T1 CPI

(7) The instruction execution resulting in overlapping latency which leads to the memory model of T1 addresses the effectiveness contributed with or without memory stalls across the memory
hierarchy. Empirical data set indicates the problem size and requires further investigation on the hidden factors contributing the CPU efficiency.

(6) Someone may agree. A CPI of >=4 as tested on a Niagara would indicate linear thread scalaing, but the same data found on an USIII would not necessarily lead to the same conclusion. 1 - 2 CPI on an USIII could actually be >=4 CPI on a T1 because of the USIII's superscalarness. The amount of thread level paralellism in an instruction stream is somewhat limited. So the real question is, is it possible for a *realistic* instruction stream to have a number of stalling instructions that would give >4 CPI on a T1 but closer to 1 CPI on an USIII, due to the USIII's superscalarness masking the stalls? I'm not so convinced that this is true. But data would be good.

(5) Someone questioned why a cpi > 4[as seen on a USIII] is required for a workload to scale linearly on T1."most of the kernels don't meet the T1 requirement of a cpi of 4 to get thread scaling".USIII has instruction level parallelism so (theoretically) a CPI greater than 4(as seen on USIII) should not be a necessary condition to linearly scale on T1.


(4) Data on which specint tests contain heavy FP. I don't have the data, but I suspect the twolf test also has decent FP as it's another place and route test like vpr.Eon is a graphics visualization test. Also see Brian's comments about Niagara's CPI for specint, indicating that even if you discount the performance on the FP heavy workloads, specint still won't do as well as a "real world" workload that has average cpi > 4.

(3) the SPECint_rate FP data set

Percent fp...
vpr dataset 1 -> 5.6%
dataset 2 -> 8%
eon dataset 1 -> 15.9%
dataset 2 -> 15.2%
dataset 3 -> 16.3%
Only 0.1% of the instructions in eon are sqrt, so fixing
sqrt will help single core, but not significantly change
the rate result.

CPI
gzip ds1 -> 1.14
ds2 -> 1.10
ds3 -> 0.97
ds4 -> 0.97
ds5 -> 1.17
vpr ds1 -> 1.34
ds2 -> 2.37
gcc ds1 -> 2.19
ds2 -> 1.37
ds3 -> 1.50
ds4 -> 1.64
ds5 -> 1.46
mcf ds1 -> 5.81
crafty ds1 -> 1.00
eon ds1 -> 1.20
ds2 -> 1.25
ds3 -> 1.30
perlbmk ds1 -> 1.27
ds2 -> 1.08
ds3 -> 1.74
ds4 -> 1.03
ds5 -> 1.07
ds6 -> 1.04
ds7 -> 1.06
gap ds1 -> 1.46
vortex ds1 -> 1.38
ds2 -> 1.24
ds3 -> 1.39
bzip2 ds1 -> 1.11
ds2 -> 0.91
ds3 -> 0.97
twolf ds1 -> 1.94

(data collected by Darryl Gove on a US3 1056MHz system)

So, for this benchmark, most of the kernels don't meet the T1
requirement of a cpi of 4 to get thread scaling.
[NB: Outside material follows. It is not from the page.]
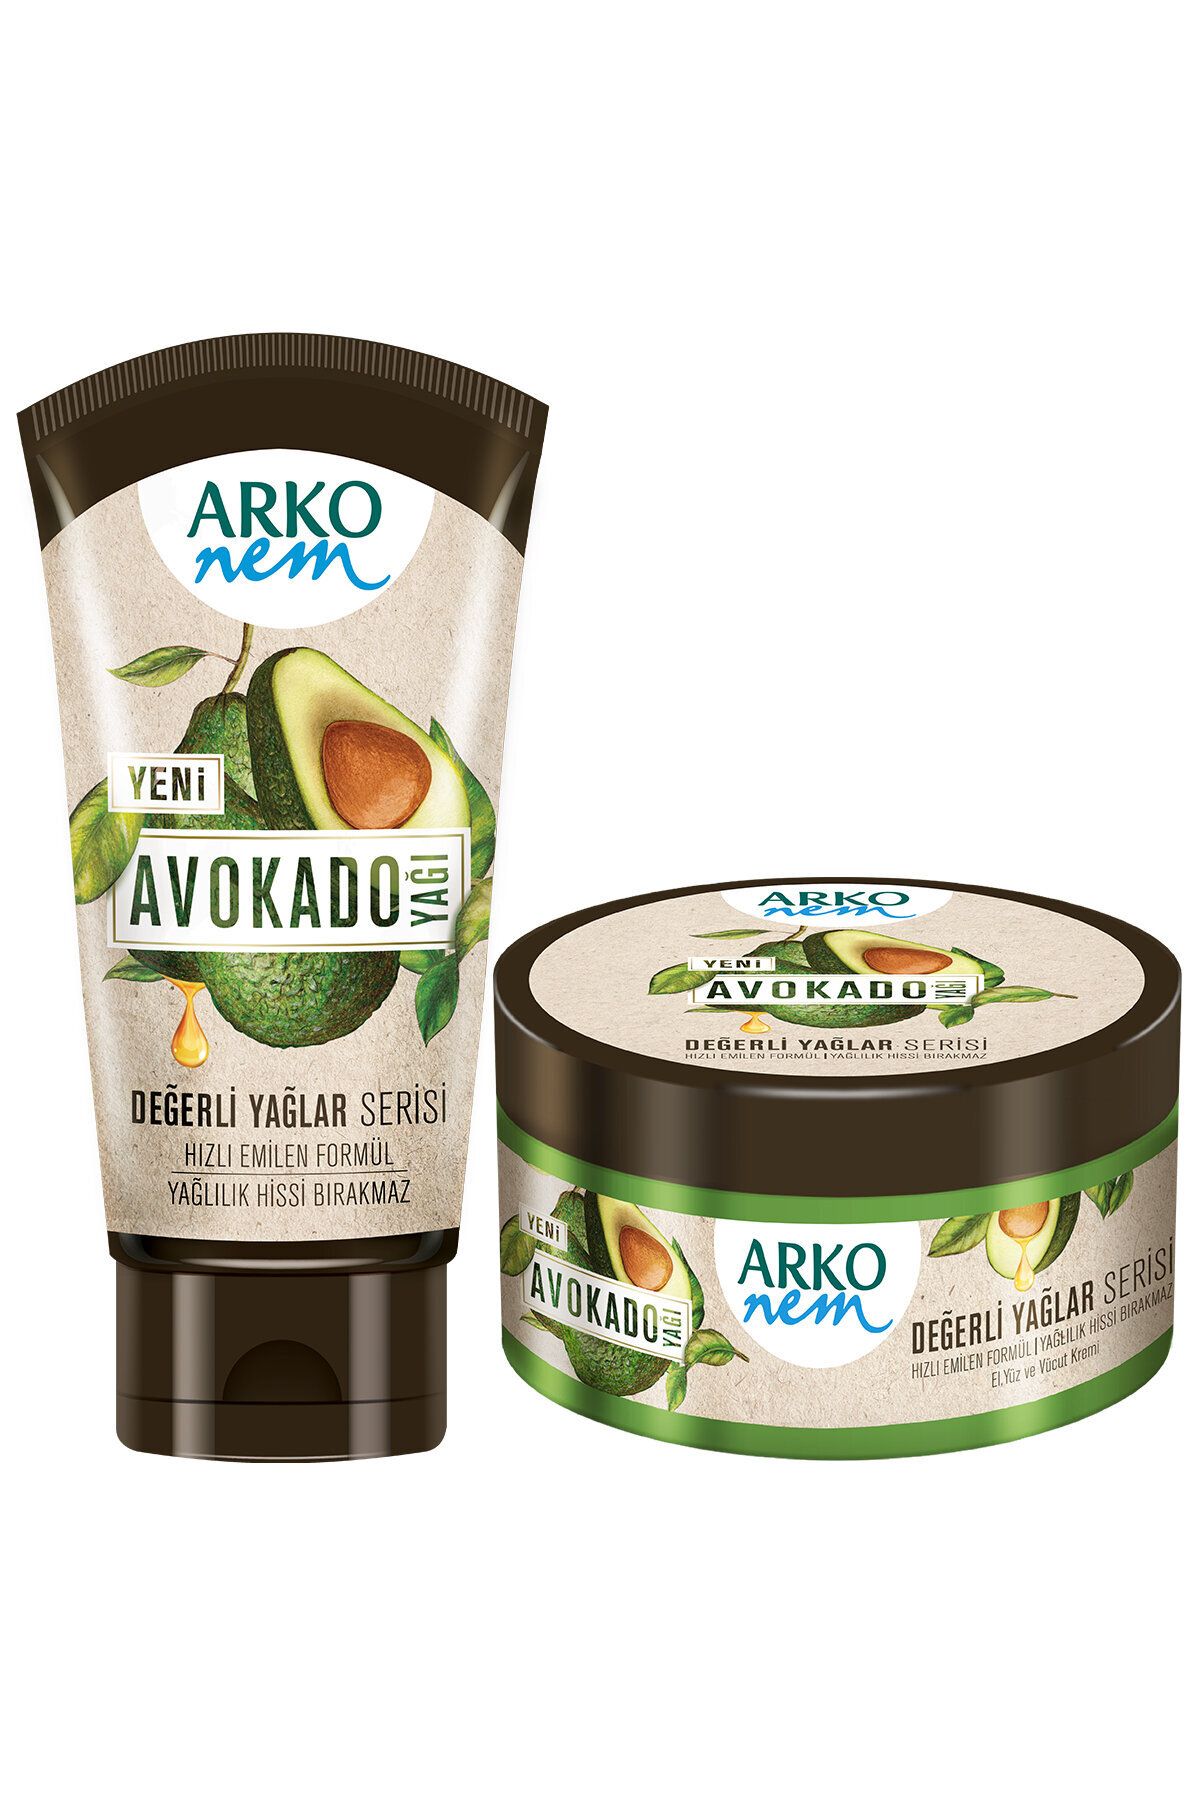 Arko Nem Değerli Yağlar Avokado Yağı Nemlendirici Krem 250+60ml

That, along
with a single issue processor make it impossible to get good
numbers on this benchmark.

So, the problem really is, int_rate doesn't stall on memory enough
for the T1 processor.

I noticed a reply from you to niagara-interest saying that according to folks at SAE, specint is ~20% floating point. Do you know where I might be able to find a breakdown of FP % for each of the 12 benchmarks.
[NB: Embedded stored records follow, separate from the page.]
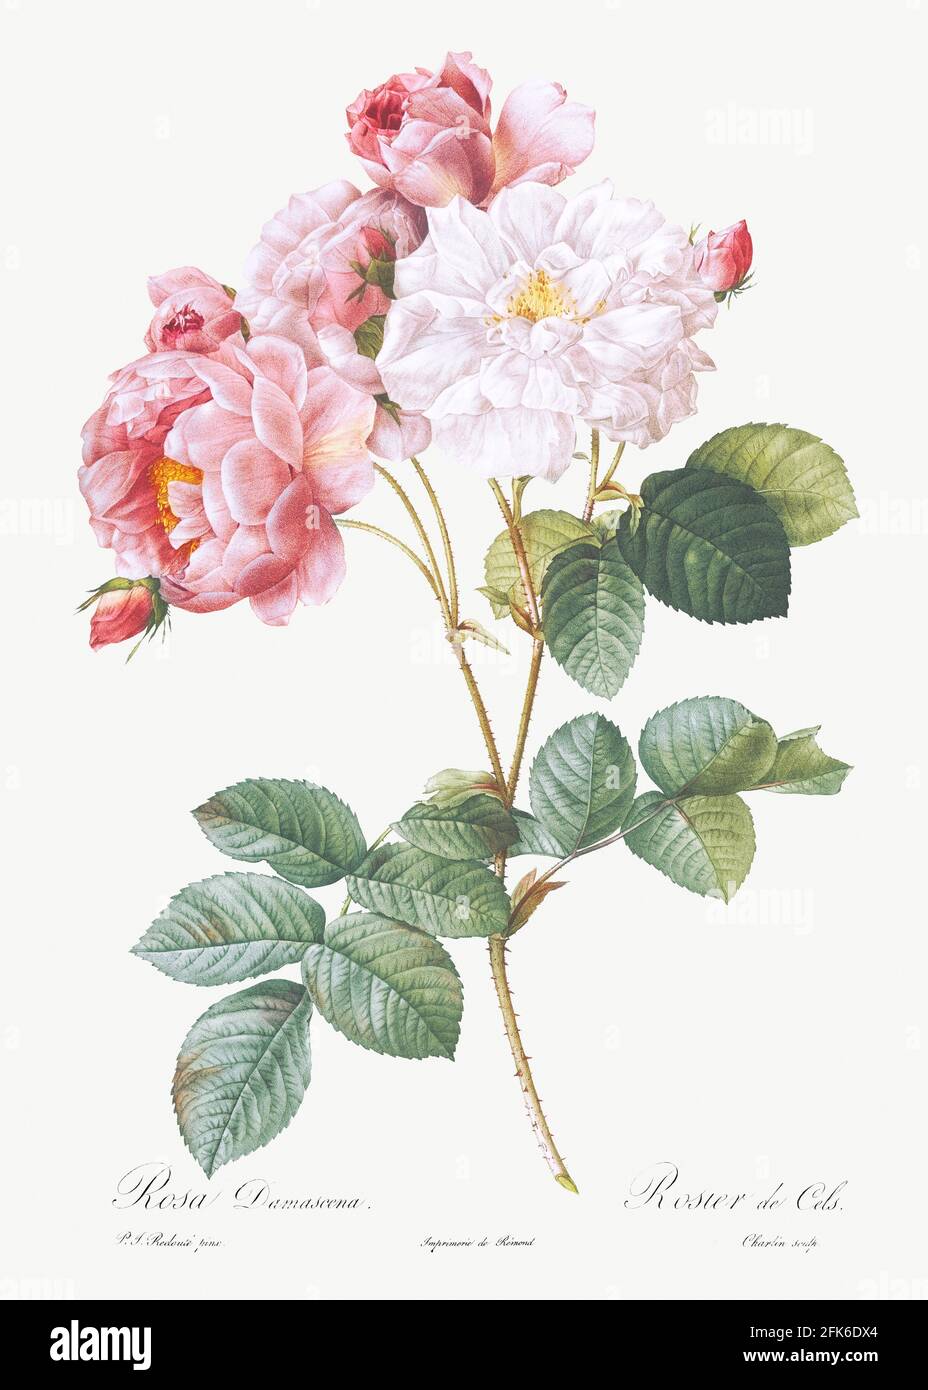 Rosa × damascena, rosebush (Rosa damascena) di Les Roses (1817&ndash;1824) di Pierre-Joseph Redouté. Originale della Biblioteca del Congresso. Digitall Foto Stock
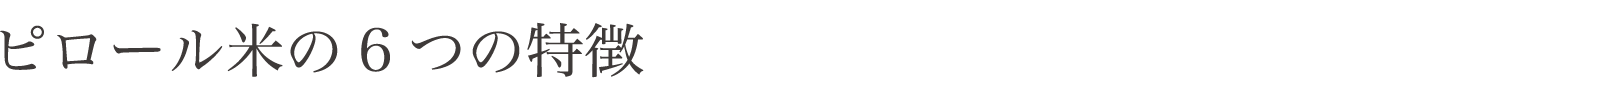 ピロール米の6つの特徴
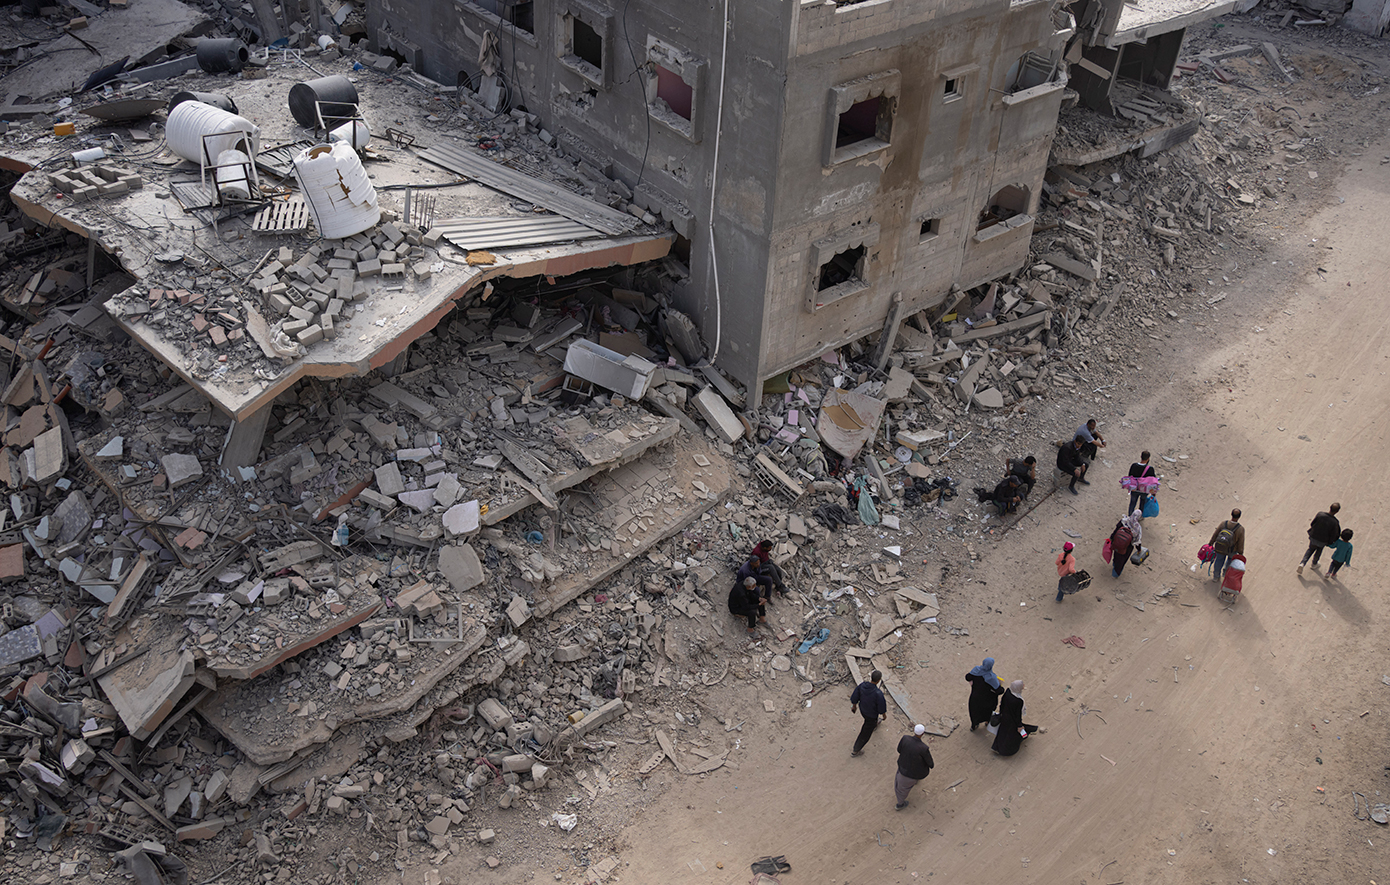 Ο λιμός στη Γάζα θα οδηγούσε σε μακροχρόνια σύγκρουση, υποστηρίζει ο υπουργός Άμυνας των ΗΠΑ
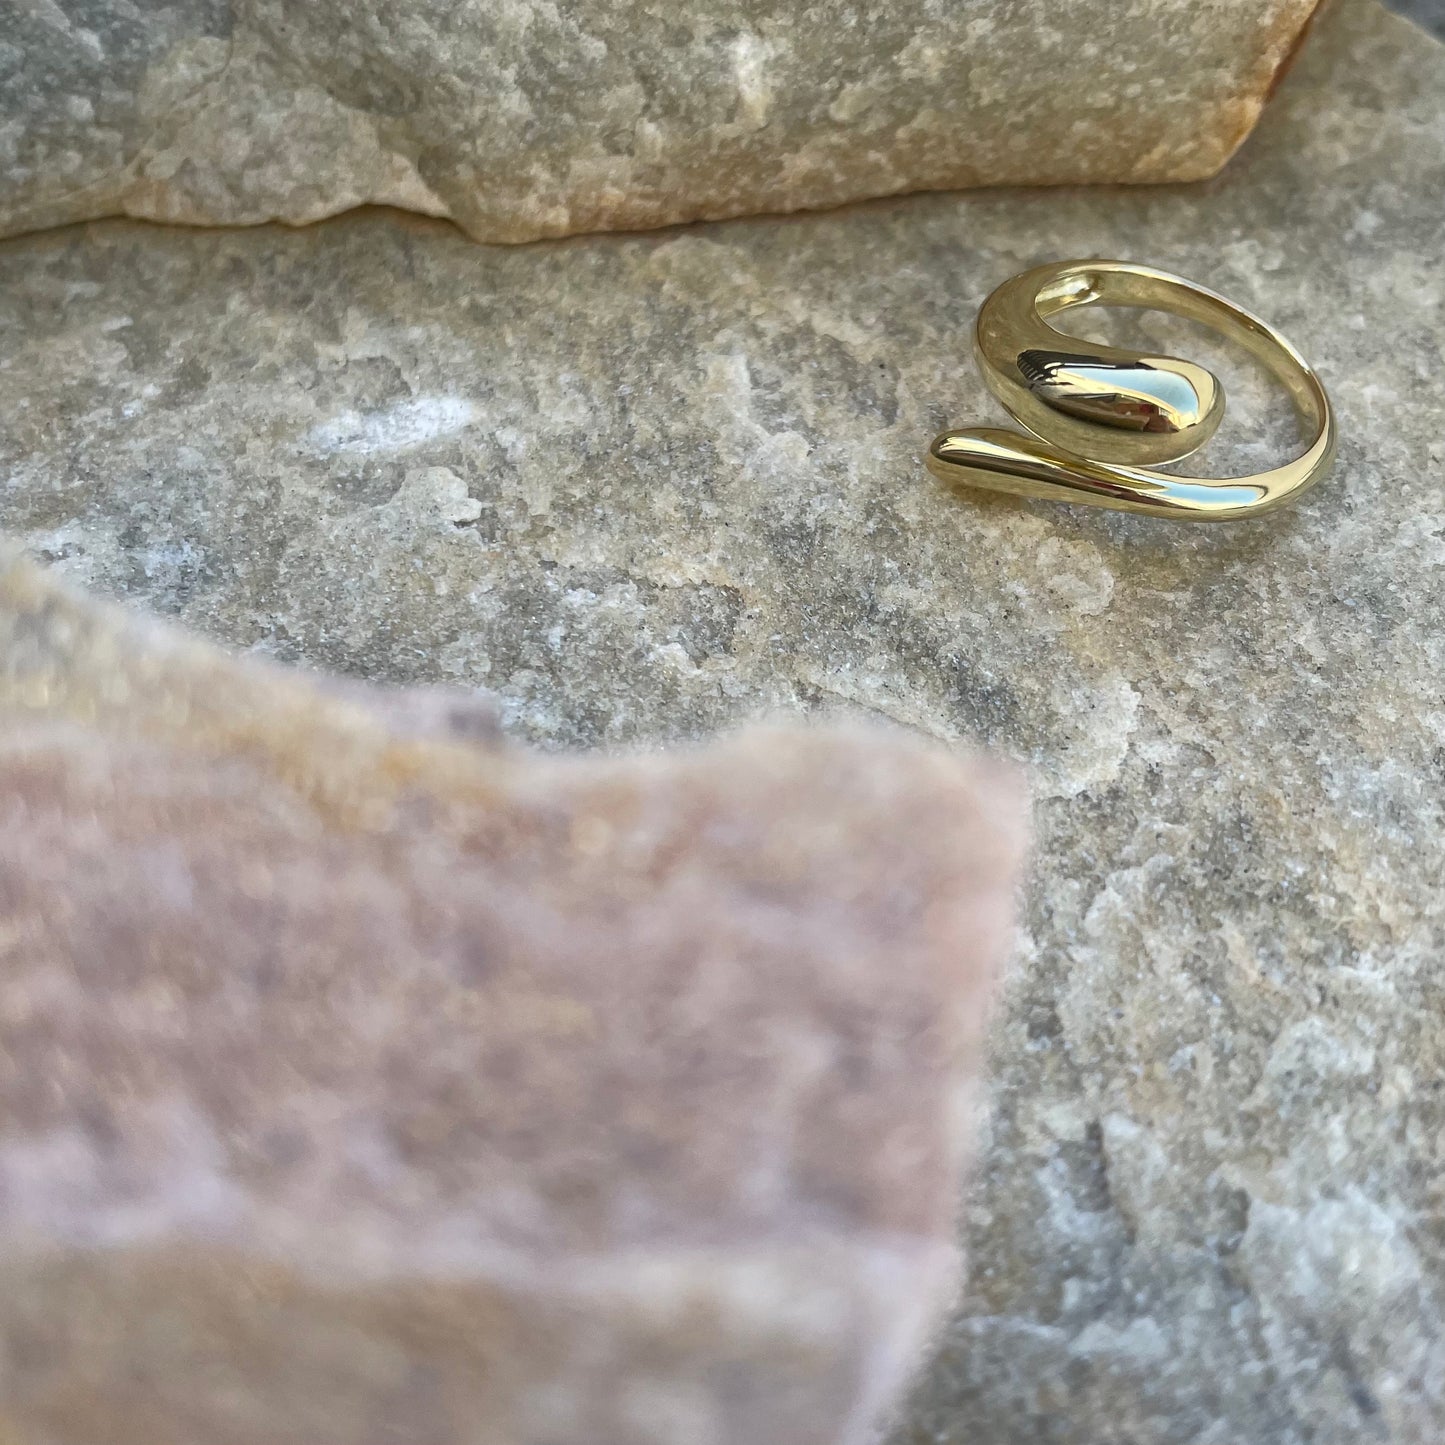 Golden Snake Ring

I have a partner that uses specint results to compare platforms internally and is doing some Niagara testing. They're aware that specint contains floating point instructions and are willing to take suggestions from us on how the different benchmarks should be weighted to emphasize integer performance (I'm hoping, of course, that there are some benchmarks with little to no FP).